📜 ⬆️ ⬇️

Implementing a hot boot of C ++ code in Linux and macOS: digging deeper


* Link to the library and demo video at the end of the article. To understand what is happening, and who all these people are, I recommend reading the previous article .


In the last article, we familiarized ourselves with an approach that allows for a hot reboot of c ++ code. The “code” in this case is the functions, data, and their coordinated work with each other. There are no special problems with functions, we redirect the flow of execution from the old function to the new one, and everything works. The problem arises with data (static and global variables), namely with the strategy of their synchronization in the old and new code. In the first implementation, this strategy was very clumsy: we simply copy the values ​​of all static variables from the old code to the new one, so that the new code, referring to the new variables, works with the values ​​from the old code. Of course, this is incorrect, and today we will try to correct this flaw by simultaneously solving a number of small but interesting problems.

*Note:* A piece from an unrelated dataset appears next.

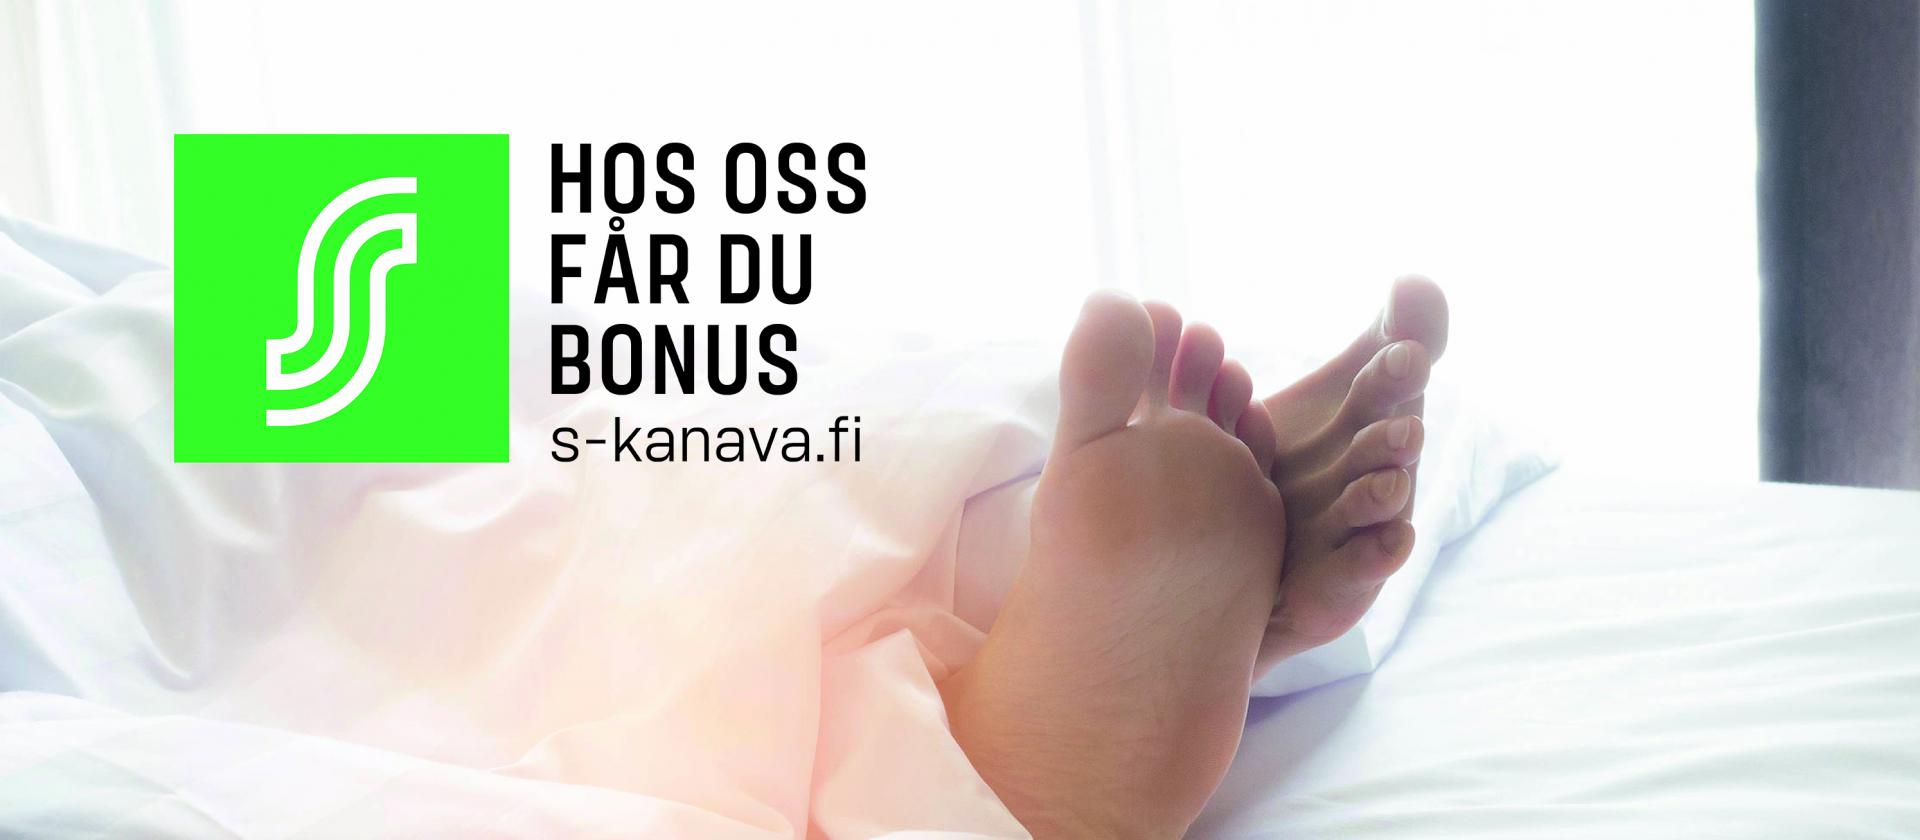 Reklam för bonus för S-gruppens ägarkunder på samtliga Ålandhotels anläggningar i Mariehamn.
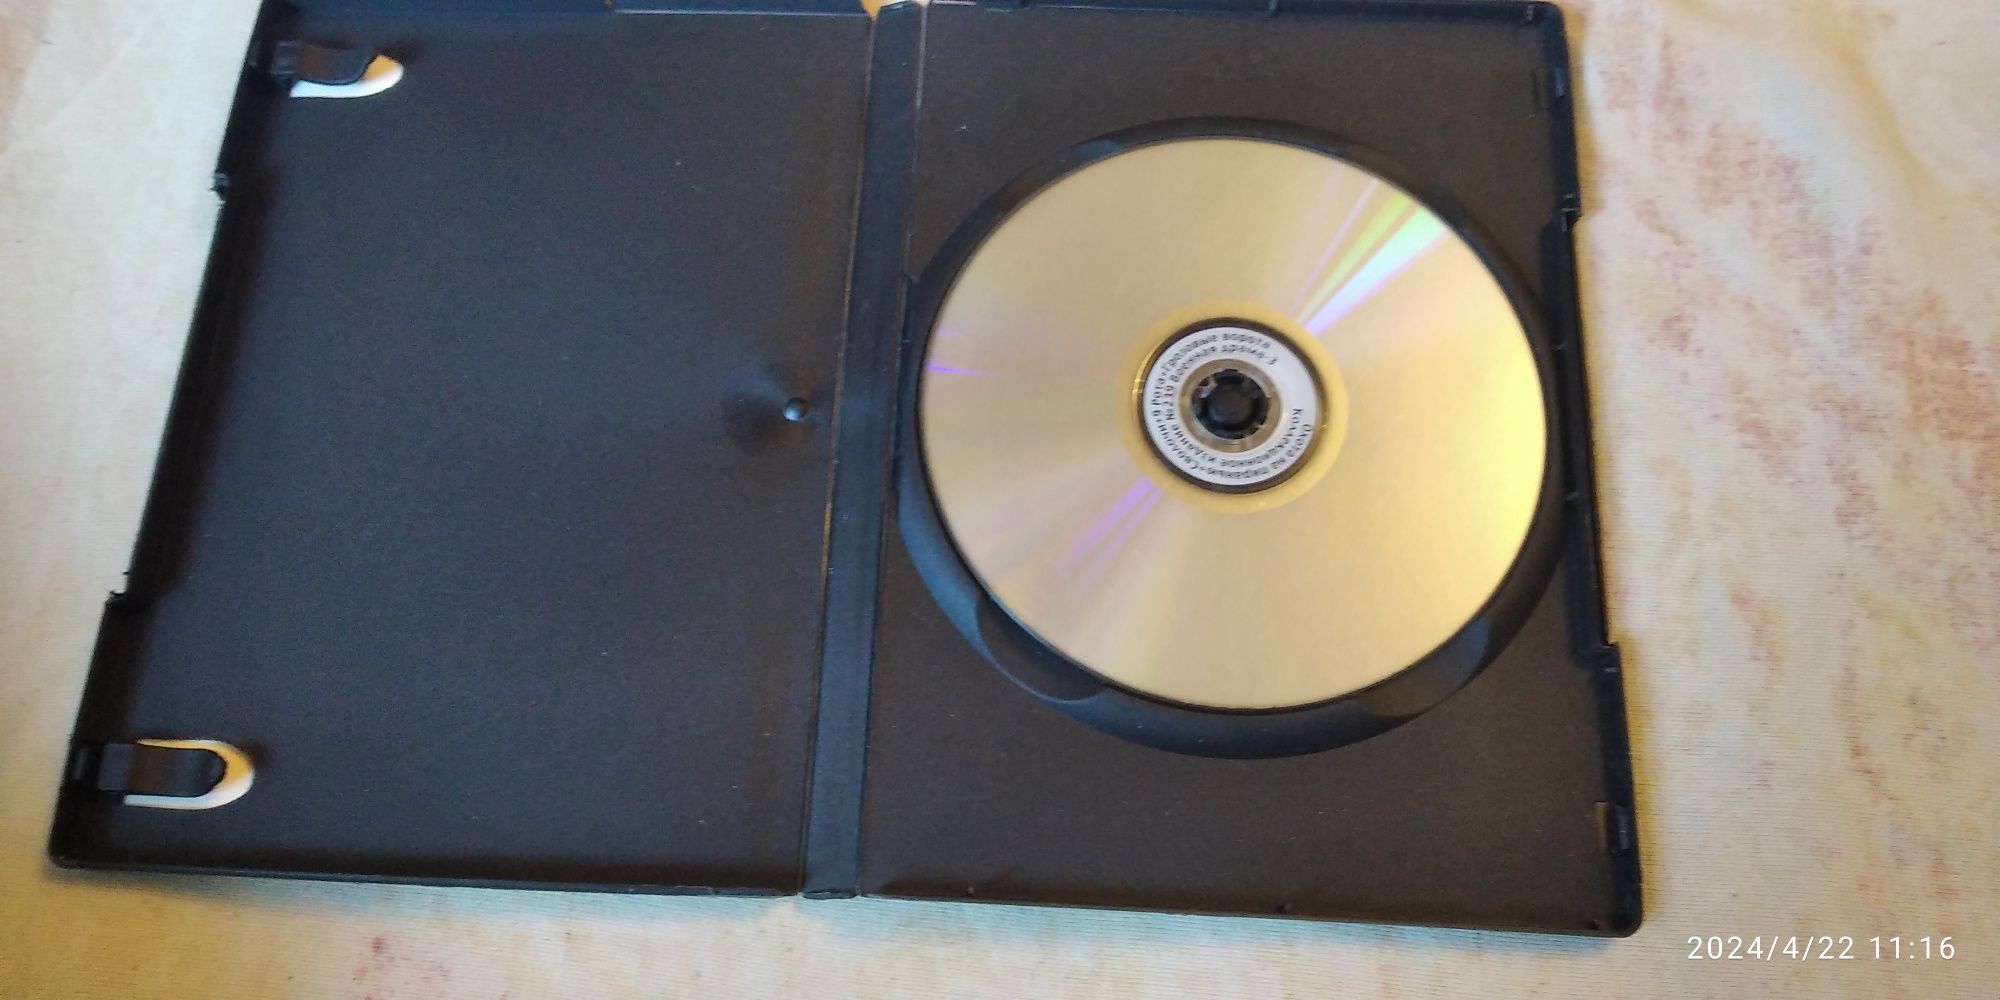 DVD диски с военными фильмами

The article omits details regarding mechanical work, such as reading characters and relocations from elf and mach-o files. The emphasis is on the subtle points that I encountered in the implementation process, and which may be useful to someone who, like me recently, is looking for answers.


The essence


Let's imagine that we have a class (synthetic examples, please do not look for meaning in them, only the code is important):


// Entity.hpp class Entity { public: Entity(const std::string& description); ~Entity(); void printDescription(); static int getLivingEntitiesCount(); private: static int m_livingEntitiesCount; std::string m_description; }; // Entity.cpp int Entity::m_livingEntitiesCount = 0; Entity::Entity(const std::string& description) : m_description(description) { m_livingEntitiesCount++; } Entity::~Entity() { m_livingEntitiesCount--; } int Entity::getLivingEntitiesCount() { return m_livingEntitiesCount; } void Entity::printDesctiption() { std::cout << m_description << std::endl; } 

Nothing special, except a static variable. Now imagine that we want to change the printDescription() method to:


 void Entity::printDescription() { std::cout << "DESCRIPTION: " << m_description << std::endl; } 

What happens after reloading the code? In the library with the new code, in addition to the methods of the class Entity , will get the static variable m_livingEntitiesCount . Nothing bad will happen if we just copy the value of this variable from the old code to the new one, and continue to use the new variable, forgetting about the old one, because all the methods that use this variable directly are in the library with the new code.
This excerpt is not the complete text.